My professor really needs to stop abbreviating. I'll never remember what "Fun. Anal. Trade-offs?" means when i study.
I look better un-naked...
Just kissed her with a dip in my mouth... She was either too drunk to notice or too cool to care
It snowed today. The whore-inducing weather is official over.
He was trying to put his hand up my shirt but I remembered the coke was stashed in my bra so I moved his hand to my pants
the room spins SO much faster in panama
Dude in front of me just jumped out of line at Starbucks to go puke. Vegas in prime form.
You may see me wearing your shirt to class. It's because I still have the spins and I'm anticipating throwing up on it. Asshole.
Some guy wearing a horse mask just knocked on my door and started whinnying. I opened the door and he was like, "...oh sorry, wrong room..." so awk.

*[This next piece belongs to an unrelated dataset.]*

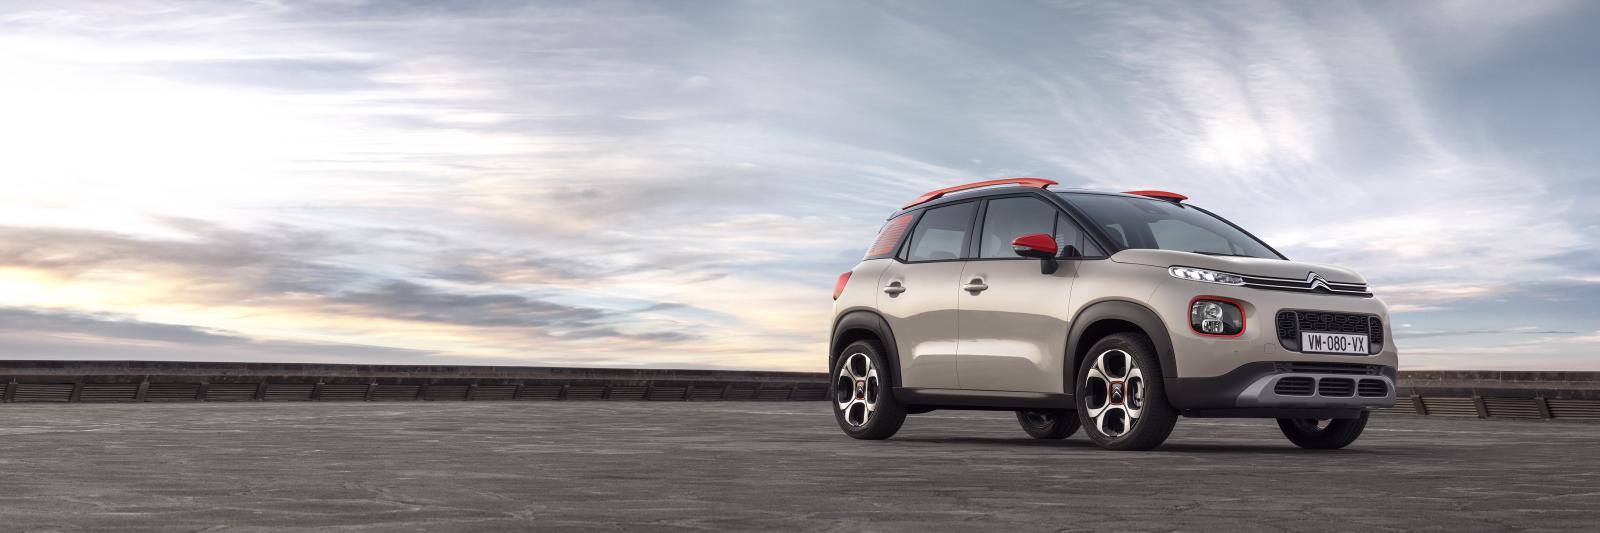 C3 Aircross Compact SUV- 3/4 front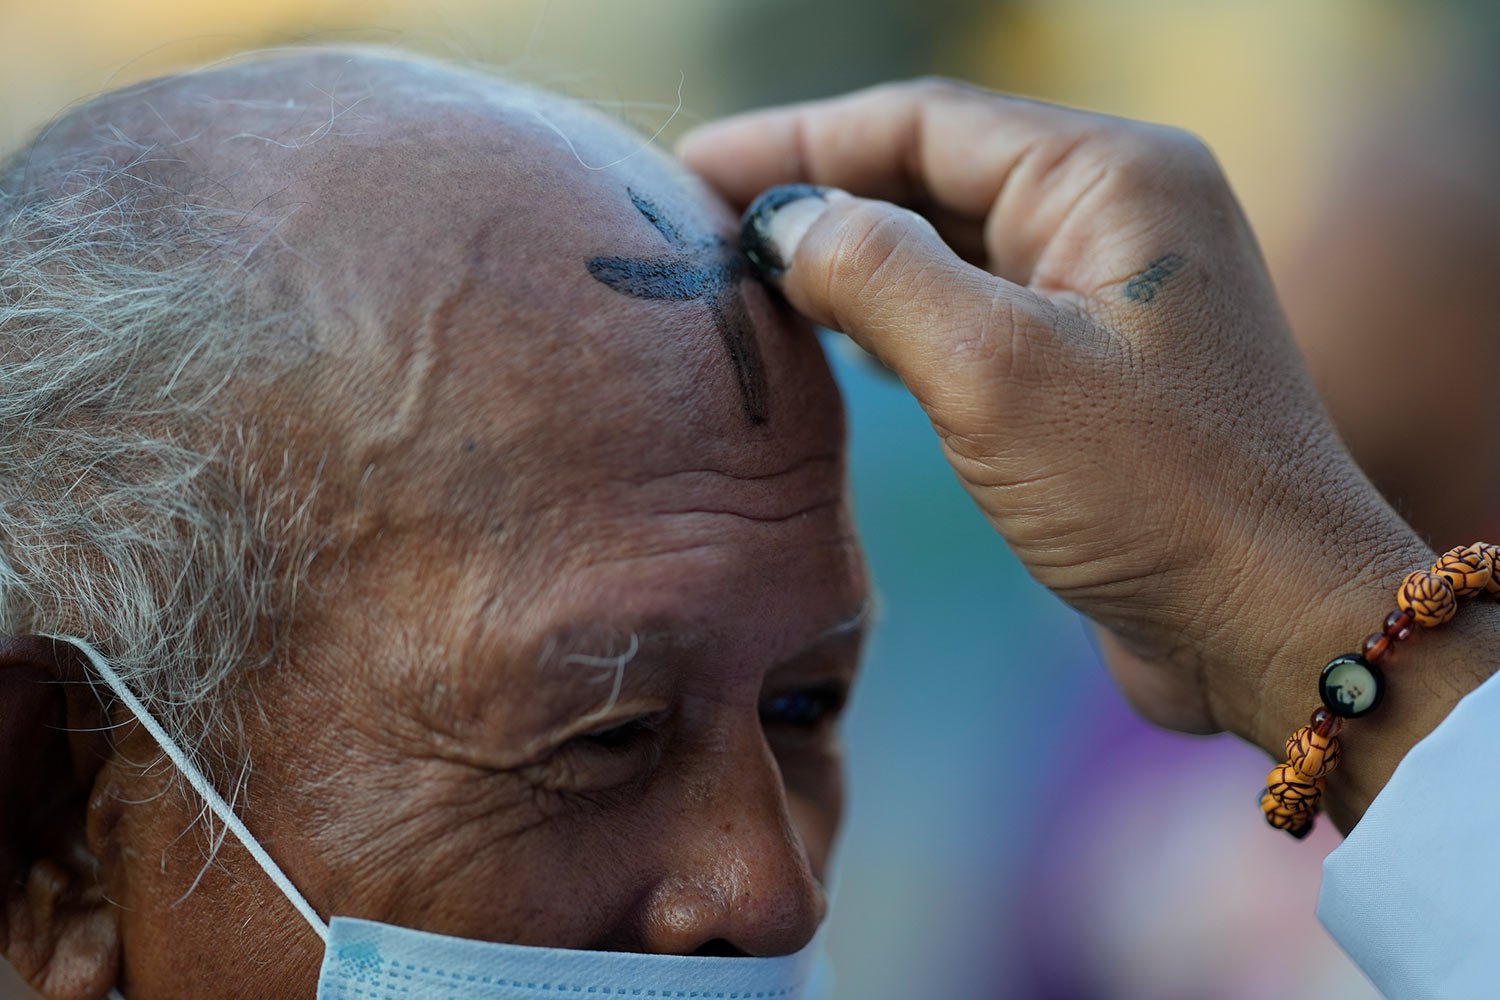  A lay minister places ash on the forehead of a devotee during Ash Wednesday rites Feb. 22, 2023, outside a church in downtown Manila, Philippines. (AP Photo/Aaron Favila)

Well I was thinking of taking him out for drinks then lecturing him about his drinking... kind of like an open minded intervention
I left when you were using your mug to lay on the street and ask for spare change
Girl i am always here for you. But i am going to have sex now so im going to call you in the morning.
so at target i bought condoms, on sale undies, pasta roni, and martini mix. the old lady who rang me up asked "honey are you a freshman?" yea lady i am, thanks.
Actually I learned to fire a 357 Magnum at the age of ten while on my very first period
I blame her lesbian super powers of coercion.